Interesting. Several people in this thread say it only happens when they stand up. What was your tilt table test like? To my knowledge, there are different types of tilt table tests. I recently had an Autonomic Reflex Test (ARS) It was 2 hours worth of testing and there was a tilt table part. However, it only raised me 1 time from a laying position to a standing position. I stood up straight for 10 minutes and by the 9:30 mark, I felt faint, dizzy, and very light headed. How is this any different from standing on the ground? I have never felt like that from just standing.

On 10/13/2018 at 3:17 PM, yogini said:

Yes.  

Can you elaborate on how you were diagnosed and what your episodes are like?

On 10/14/2018 at 5:18 AM, WinterSown said:

I get an attack when I stop moving or change position. So like, a zillion a day. 

 

What are your episodes like and how were you diagnosed?

On 10/12/2018 at 2:27 PM, yogini said:

I can have tachycardia at any time, sitting, standing or laying down.  It doesn't happen every time I stand, but probably more often than not. The biggest triggers for me are being in an upright position and activity.

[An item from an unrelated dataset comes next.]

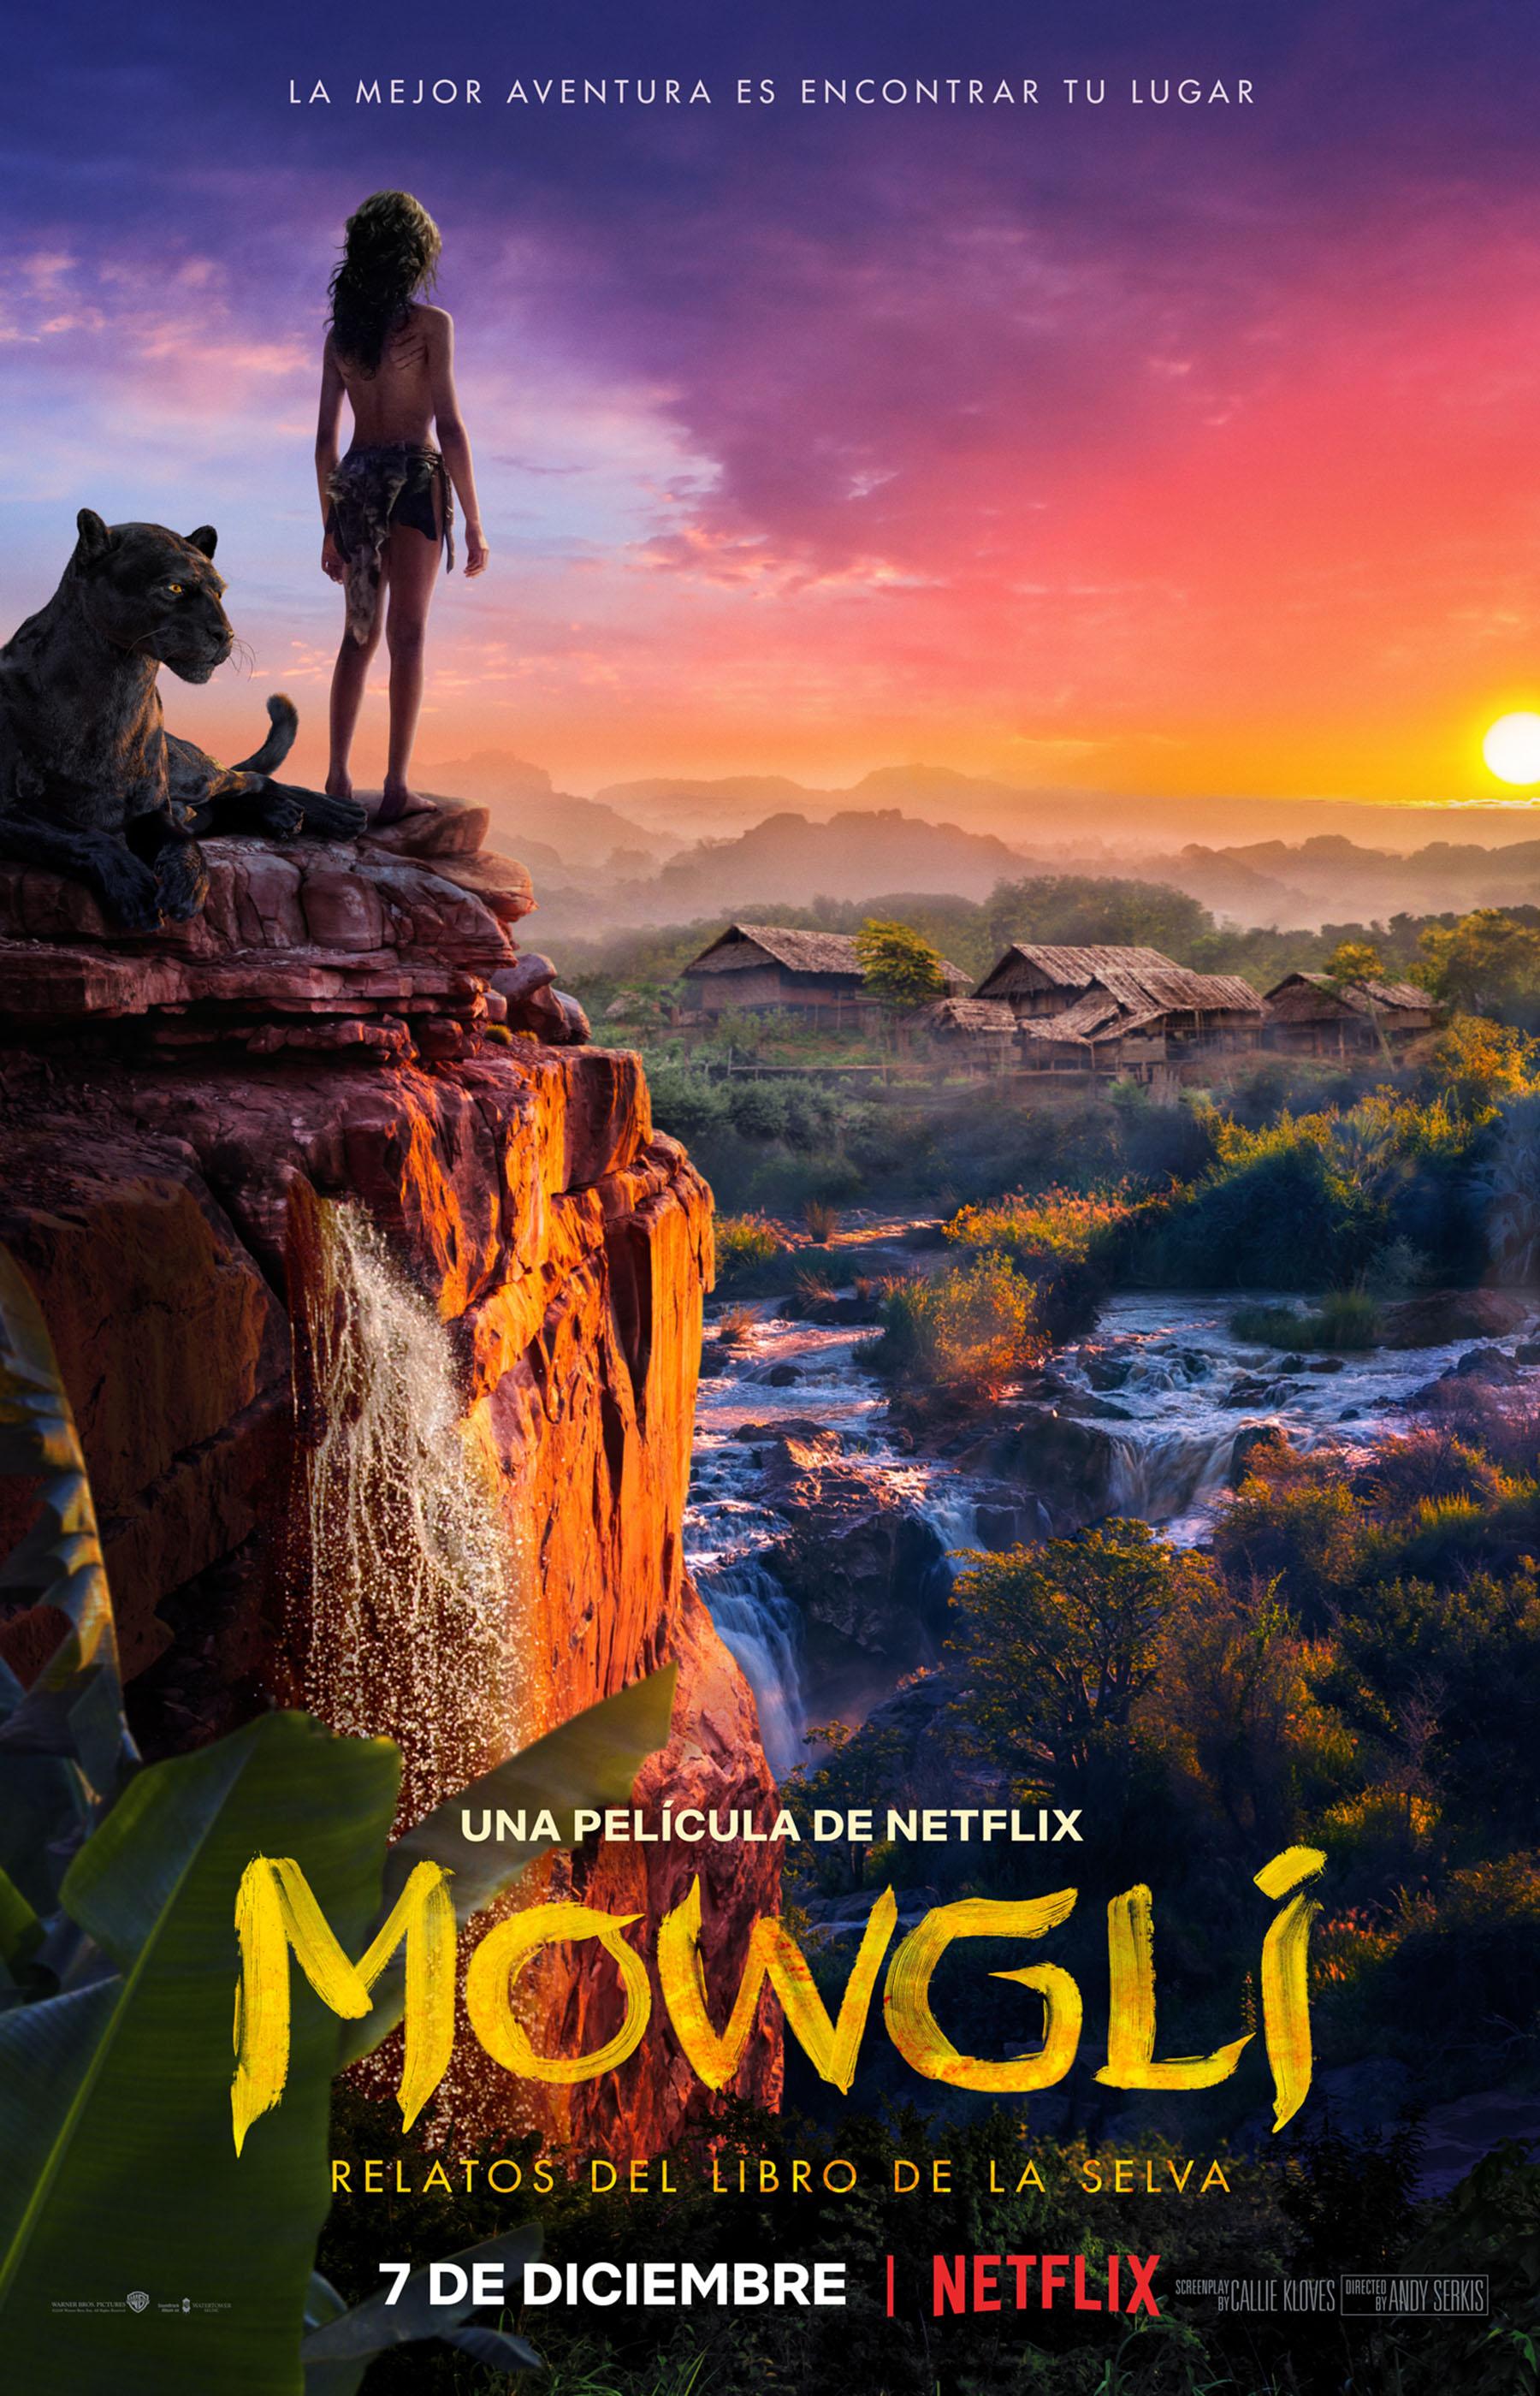 Ya hay nuevo tráiler y fecha de estreno del live action 'Mowgli' para Netflix

And were you diagnosed with POTS?

On 10/10/2018 at 4:30 PM, Pistol said:

@jeff_jefferson2 - I am glad your cardiologist takes your symptoms serious and is willing to test you. Most of us are not in that capable of hands! - Elevated HR upon exercise is normal and expected, desired actually! A healthy individual will try to achieve a certain HR through exercise for cardio-vascular health. The concern comes in when the HR goes up to extreme levels WITHOUT exercise - simply from the act of standing/talking/coughing/walking - even sitting, and WITHOUT any recognized arrhythmia. --- Good luck with your testing!!!!

Thanks for the response. I should have clarified that my HR goes up pretty quick with minimal exertion.

On 10/10/2018 at 5:19 PM, StayAtHomeMom said:

Have you had IST ruled out yet?

A cardiologist mentioned IST  to me but it's my understanding that random episodes of tachycardia doesn't mean I would have IST. A lot seems to be unclear about IST!